---- MATERIALS PROVIDED
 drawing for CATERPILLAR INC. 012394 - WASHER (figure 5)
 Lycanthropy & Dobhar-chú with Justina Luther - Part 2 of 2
--------
---- MATERIALS PROVIDED
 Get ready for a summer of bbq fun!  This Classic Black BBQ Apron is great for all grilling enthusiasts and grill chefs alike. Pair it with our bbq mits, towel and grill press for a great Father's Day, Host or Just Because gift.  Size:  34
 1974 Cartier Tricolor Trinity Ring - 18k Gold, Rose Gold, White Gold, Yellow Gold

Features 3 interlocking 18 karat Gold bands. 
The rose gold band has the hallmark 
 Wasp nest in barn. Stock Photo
--------
---- MATERIALS PROVIDED
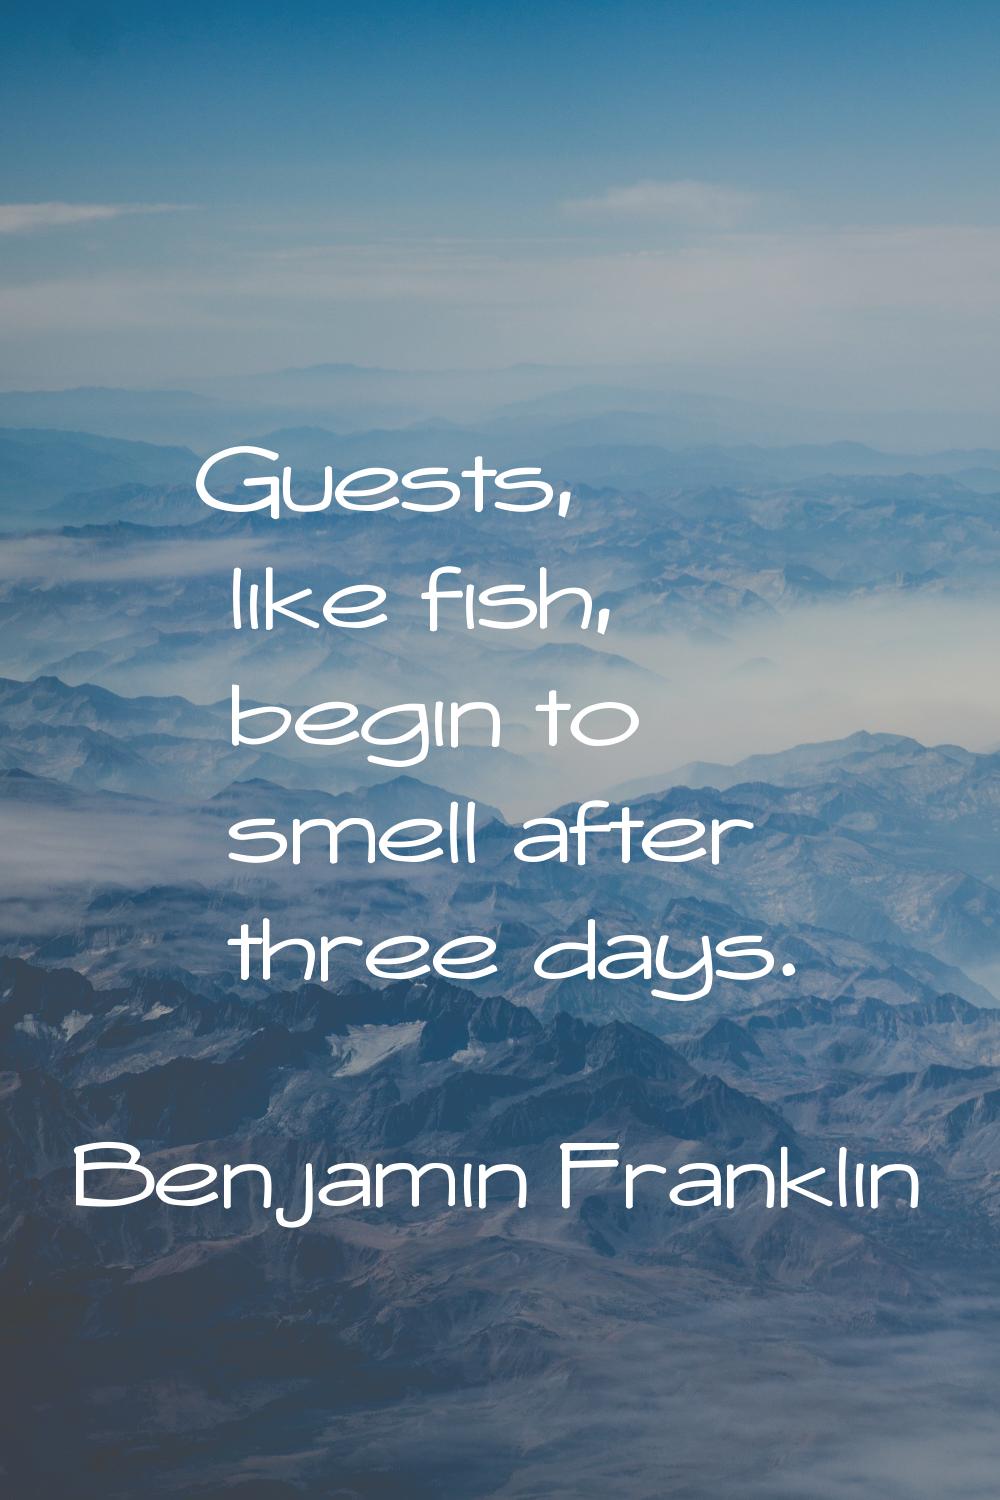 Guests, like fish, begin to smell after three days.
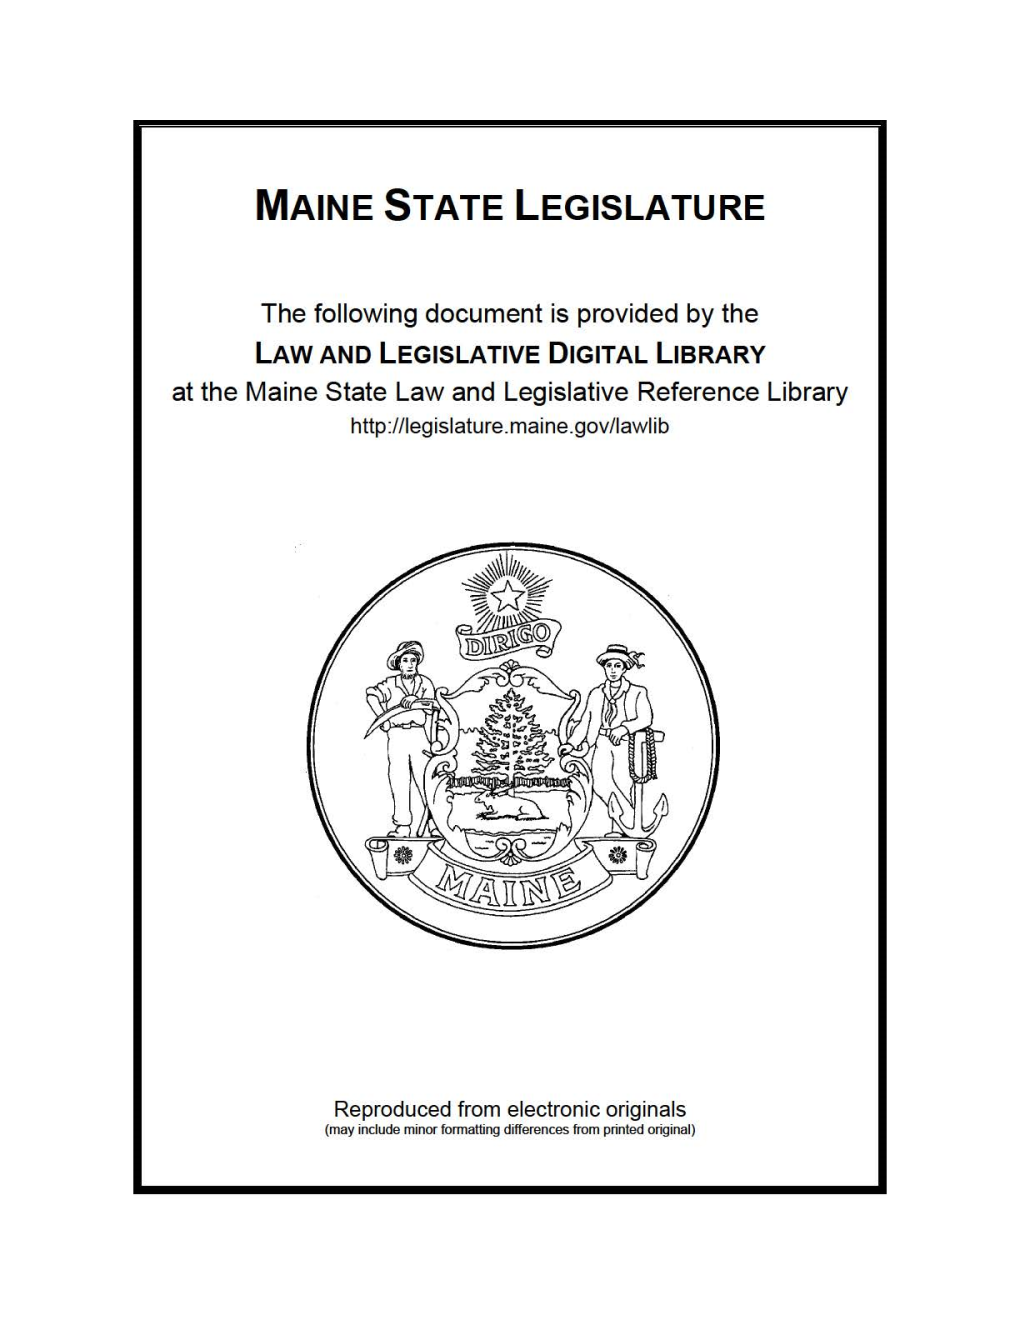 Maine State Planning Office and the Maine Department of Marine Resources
--------
*WHAT THE TASK ASKS*
The string "with": state how many lines above contain it, giving nothing but the number.

*TASK SOLUTION*
2